▸ DATA BLOCK:

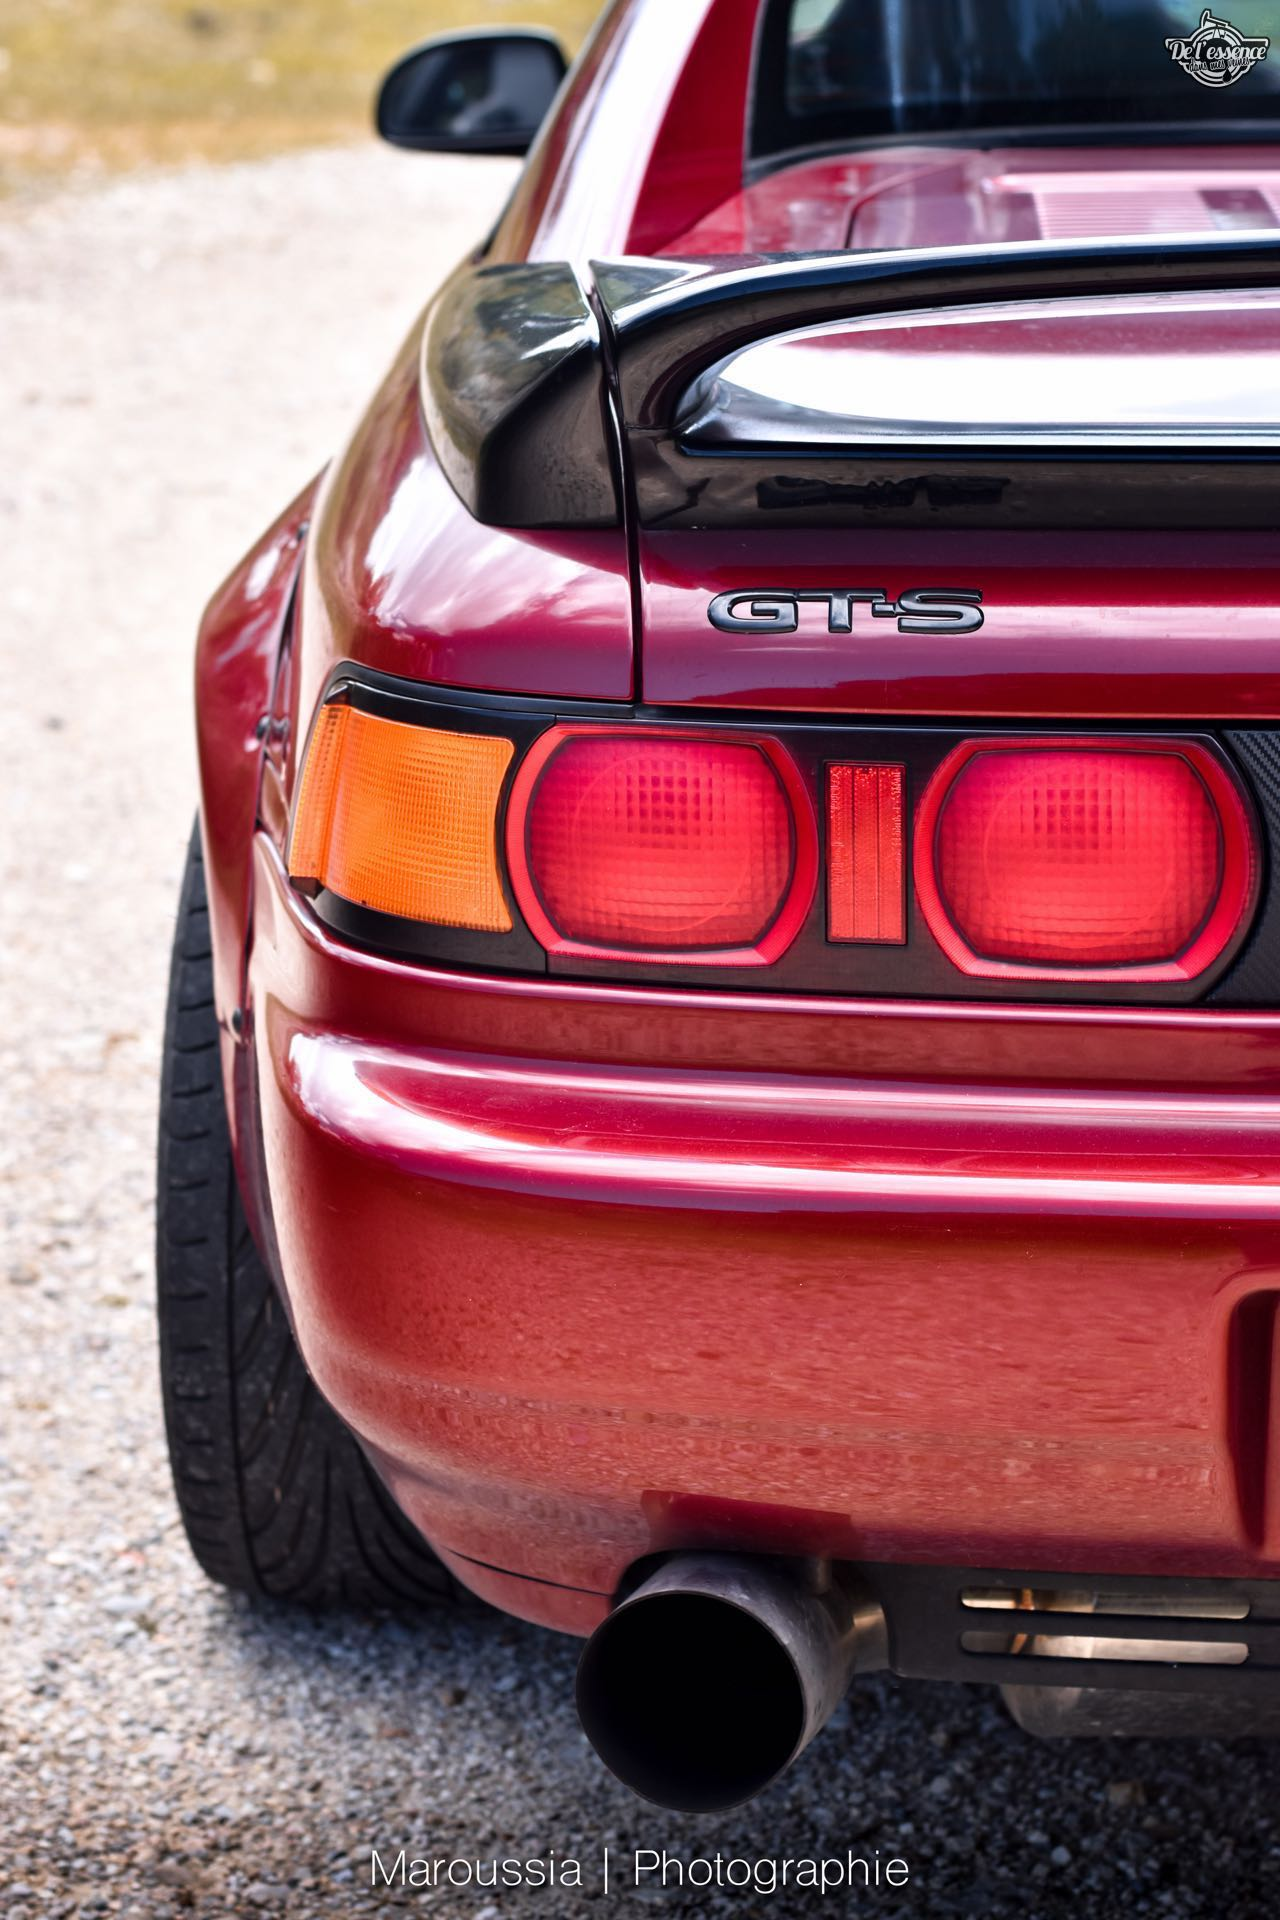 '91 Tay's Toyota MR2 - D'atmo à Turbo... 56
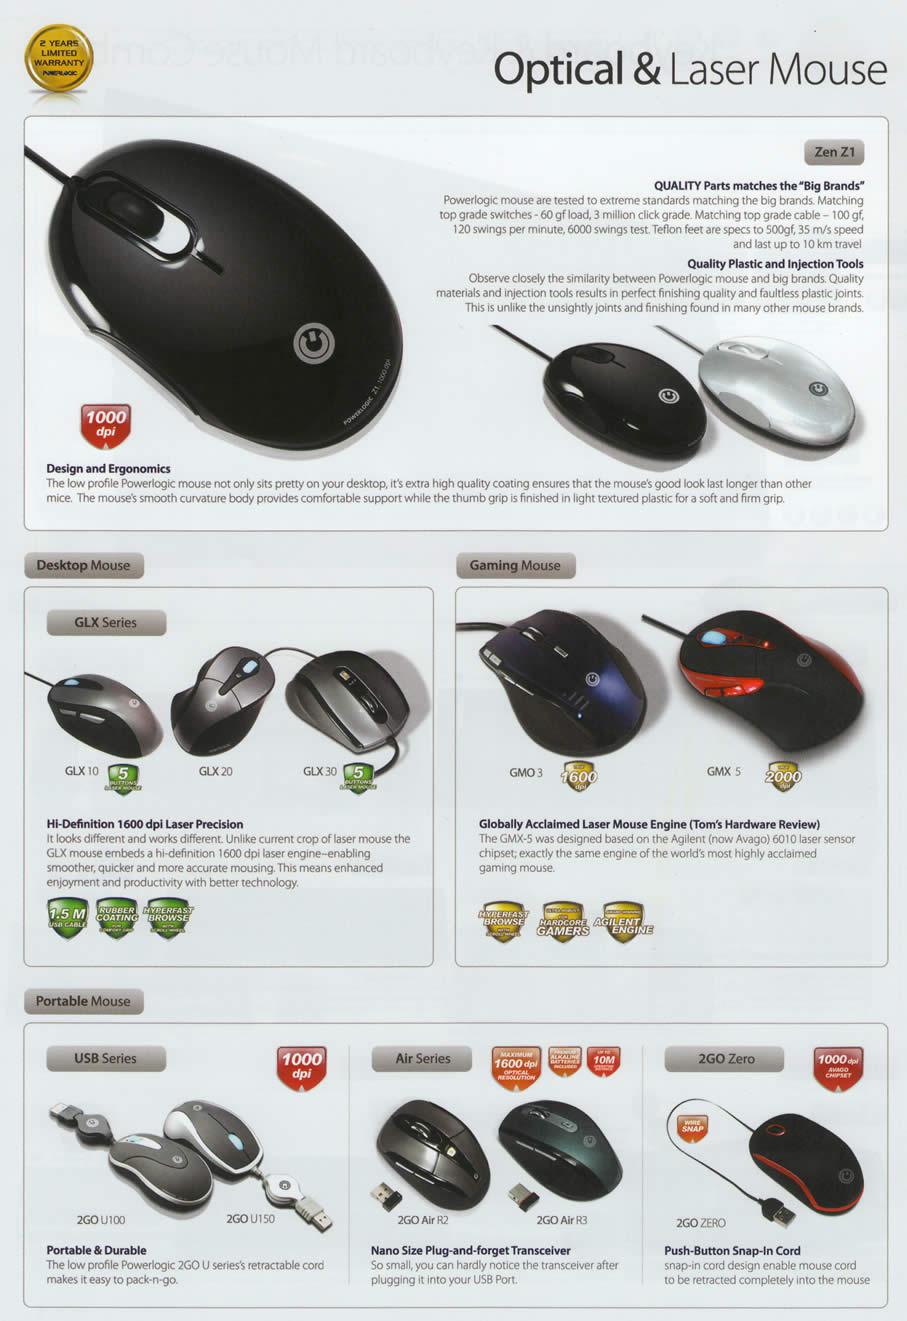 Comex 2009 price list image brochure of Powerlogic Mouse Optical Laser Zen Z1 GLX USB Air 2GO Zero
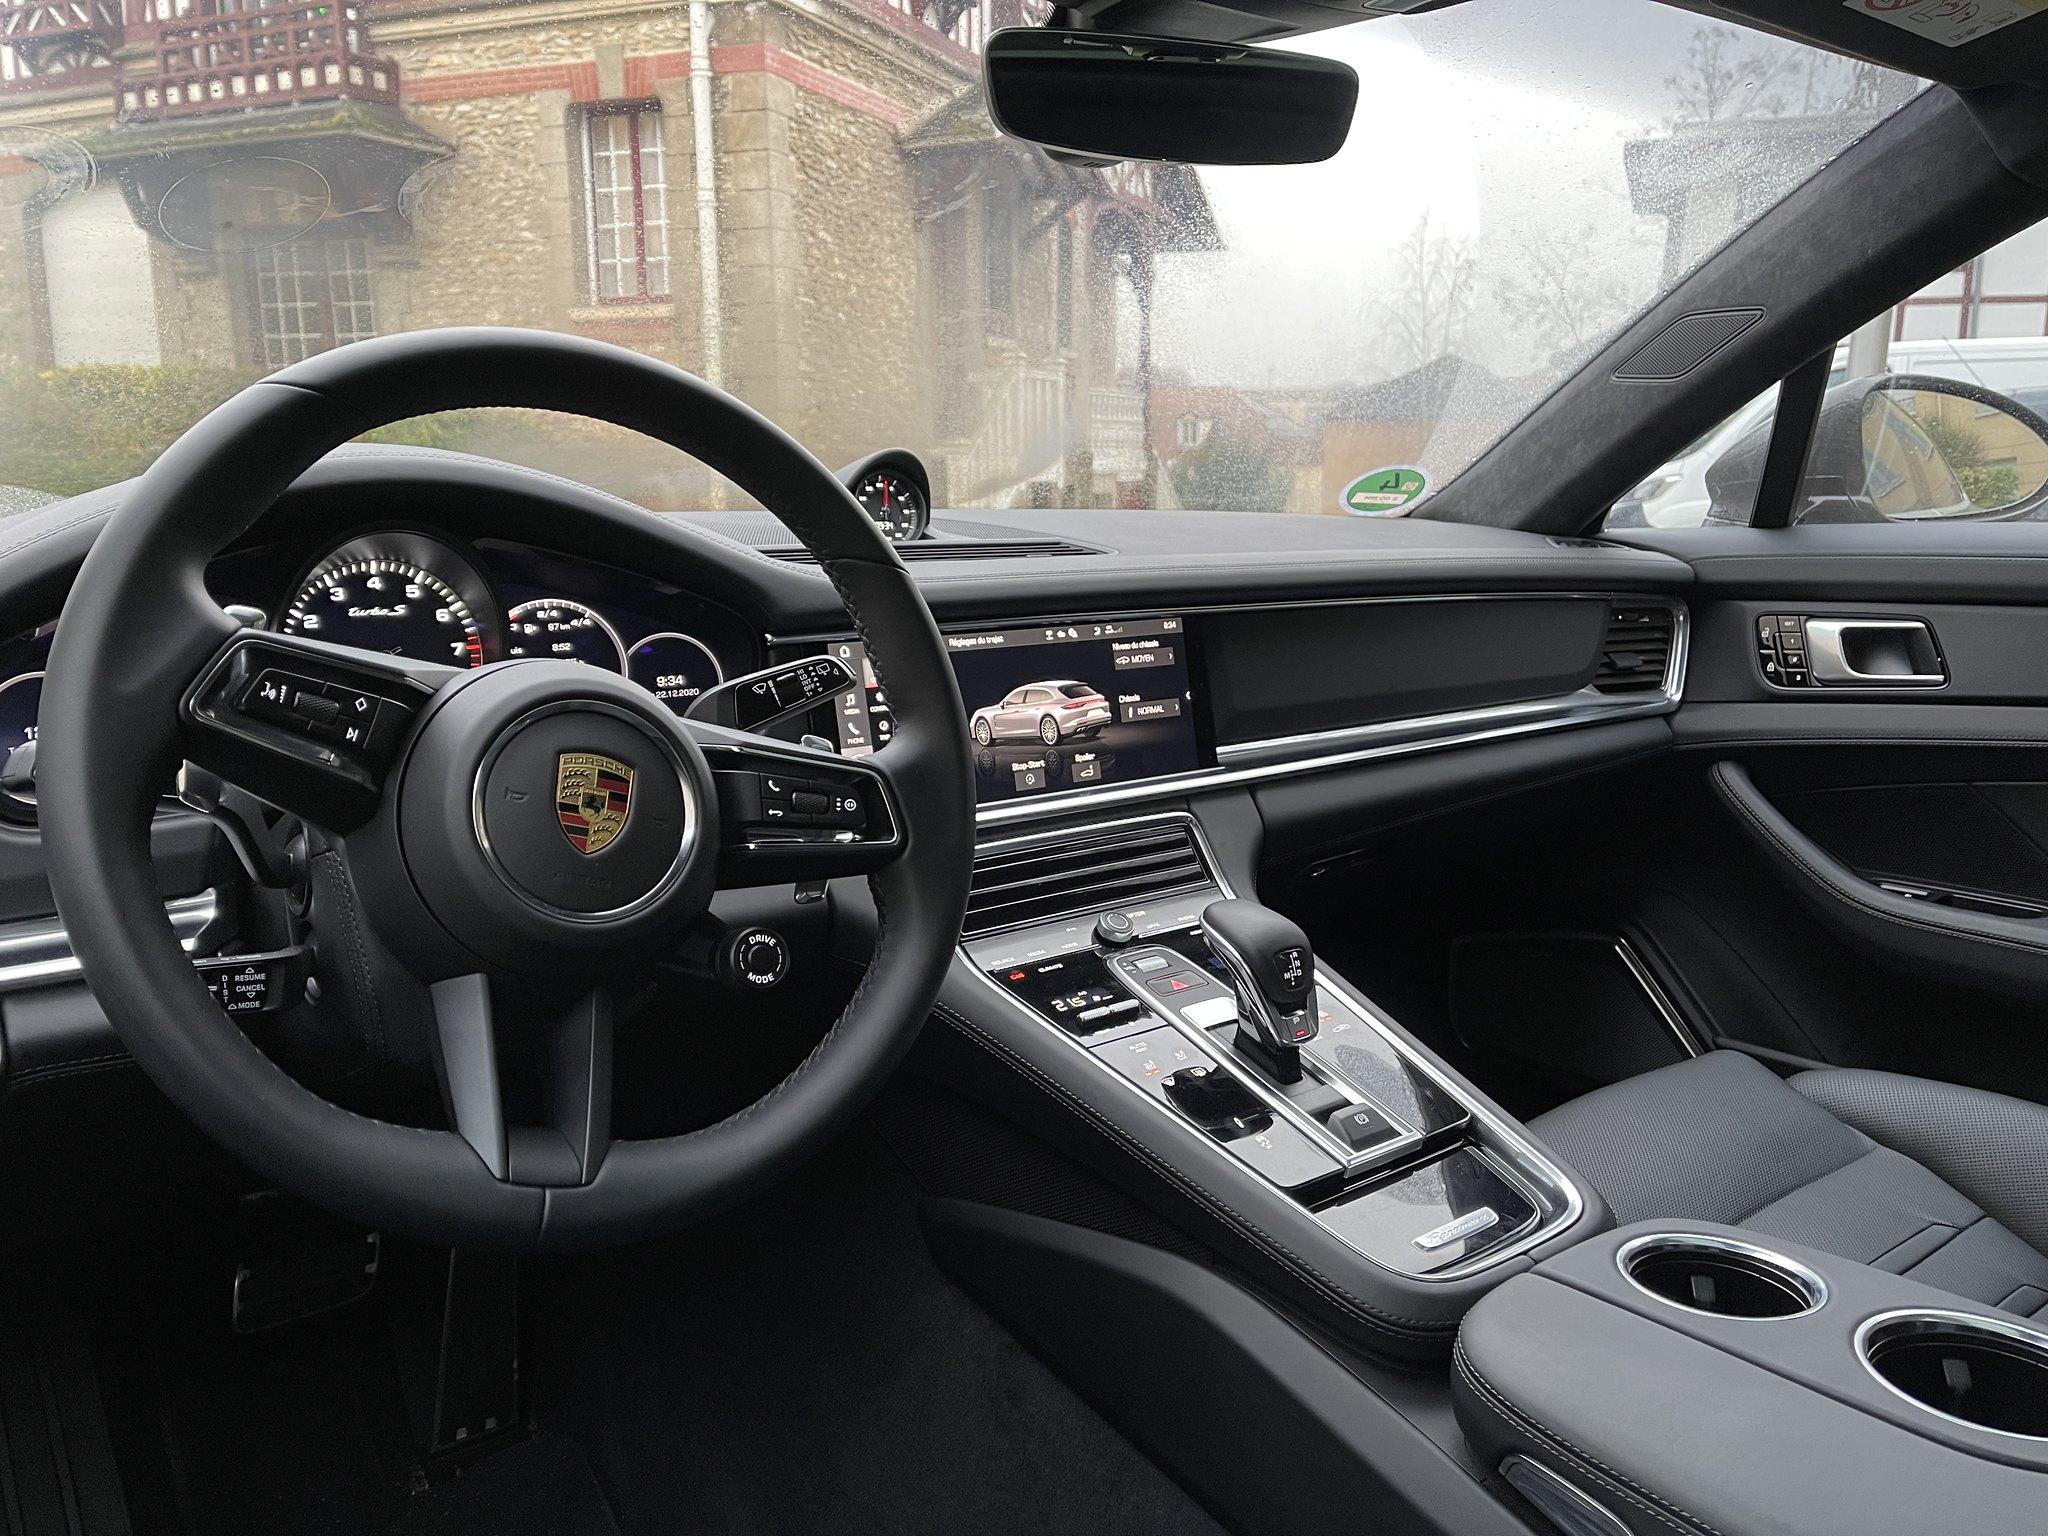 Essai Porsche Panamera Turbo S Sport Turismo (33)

▸ EXERCISE DESCRIPTION:
Your task is to repeat the material above exactly, without its pictures.

▸ EXPECTED ANSWER:
 '91 Tay's Toyota MR2 - D'atmo à Turbo... 56
 Comex 2009 price list image brochure of Powerlogic Mouse Optical Laser Zen Z1 GLX USB Air 2GO Zero
 Essai Porsche Panamera Turbo S Sport Turismo (33)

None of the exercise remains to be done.